Разделитель для чтения книг в онлайн библиотеке

Онлайн книга «Поле сражения»

Cтраница 67

Стунджайтис хмурил красный лоб и молчал – на доске создавалось угрожающее положение.

– Ви знаетэ теорию? – спросил о шахматах капитан.

– Изучал.

– Это скучно – знать, что раньше уже кто-то так играл. Все знать скучно, открытий нет.

– Морские пути тоже не вами открыты, но вас всё-таки тянет туда. Каждый открывает для себя мир заново. Дети расшибают лбы о те же углы, что и отцы и деды. Знания всё же помогают избегать лишних шишек. Каждая теория, Карл Карлович, даёт возможность творчества. Иначе это догма. В том числе и революционная теория. Вот что и привлекательно у Ленина: расчёт и творчество. Вот почему я за социализм, а не за богатство собственное.
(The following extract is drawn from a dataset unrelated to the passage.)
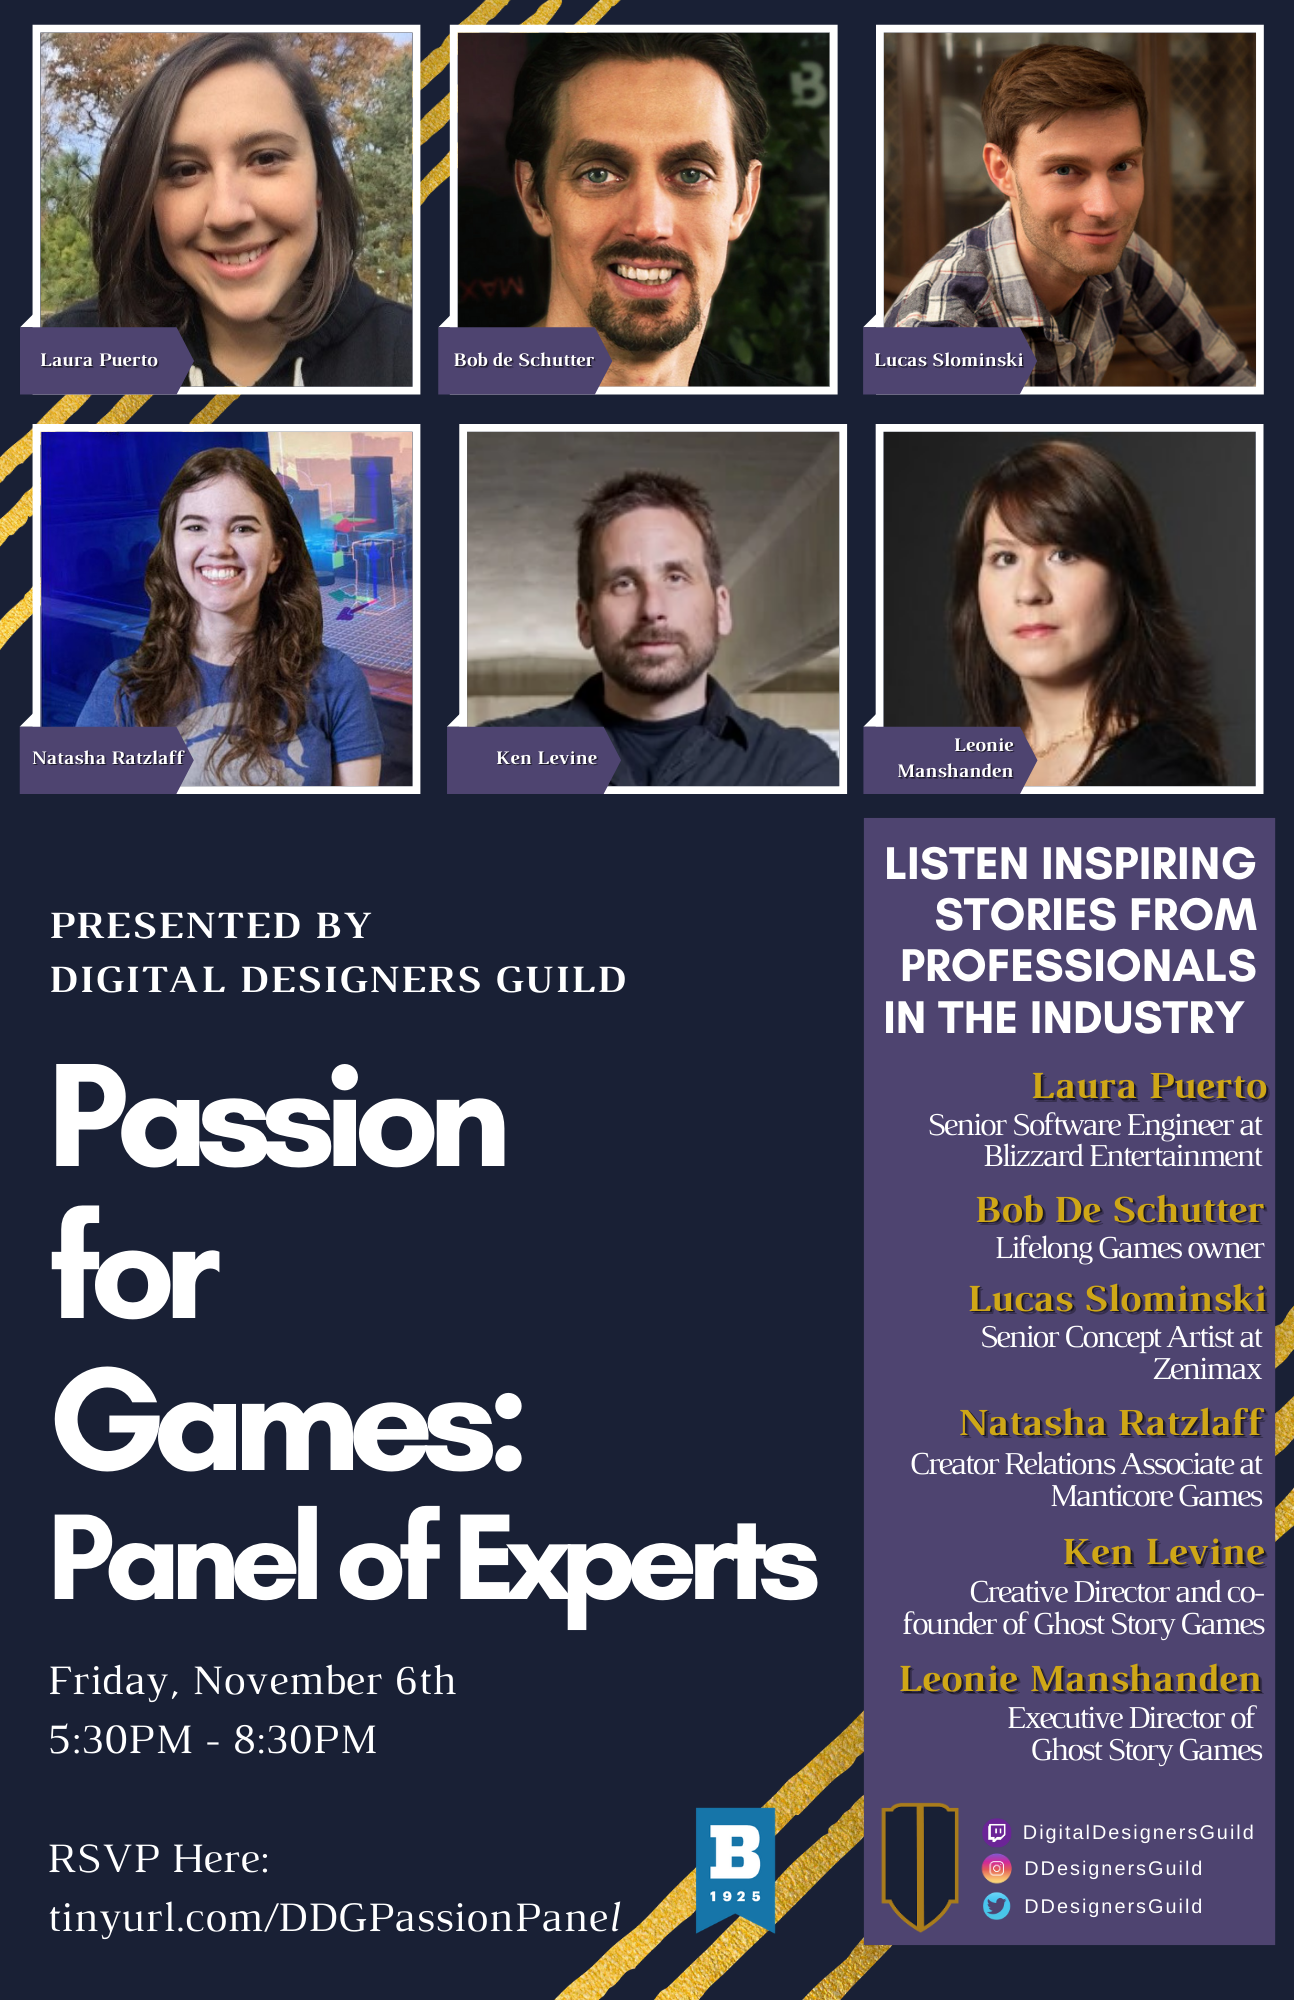 Passion for Games: Panel of Experts

К Скокиной подходили в темноте. Пристань была не освещена, причаливали почти вслепую. Пароход ломал бортом лёд, и нельзя было понять, что трещит – лёд или борт. Матросы матерились зло и отчаянно, будто их самих зажимало в чёрной, всё сужающейся трещине.

– Сто-оп, машина!

– Ну, ещё три перегона – и дома! – облегчённо вздыхали люди.

Утром пароход пришлось отдалбливать.

Машарин с Венькой и счетоводом участия в этом не принимали, они подались в контору.

Местный перекупщик, разбитной малый с острым исподлобным взглядом, в отличие от других на расписку согласился сразу, но просил отоварить её за зиму мануфактурой и бакалеей, благо если напрямую, по зимнику, то до Приленска тут не так и далеко.

– Деньги теперя что пена, – говорил он, – нету у меня к им веры. Расписка надёжнее. Да и мужику выгодней товаром получить – с денег рубахи не сошьёшь и щей не посолишь имя.

Пока счетовод писал расписку и мусолил деньги, пароход подал голос – можно трогаться. Но вдруг в контору ворвалось пять мужиков в коротких добротных полушубках.

– Погодить не можете? – рявкнул им Венька.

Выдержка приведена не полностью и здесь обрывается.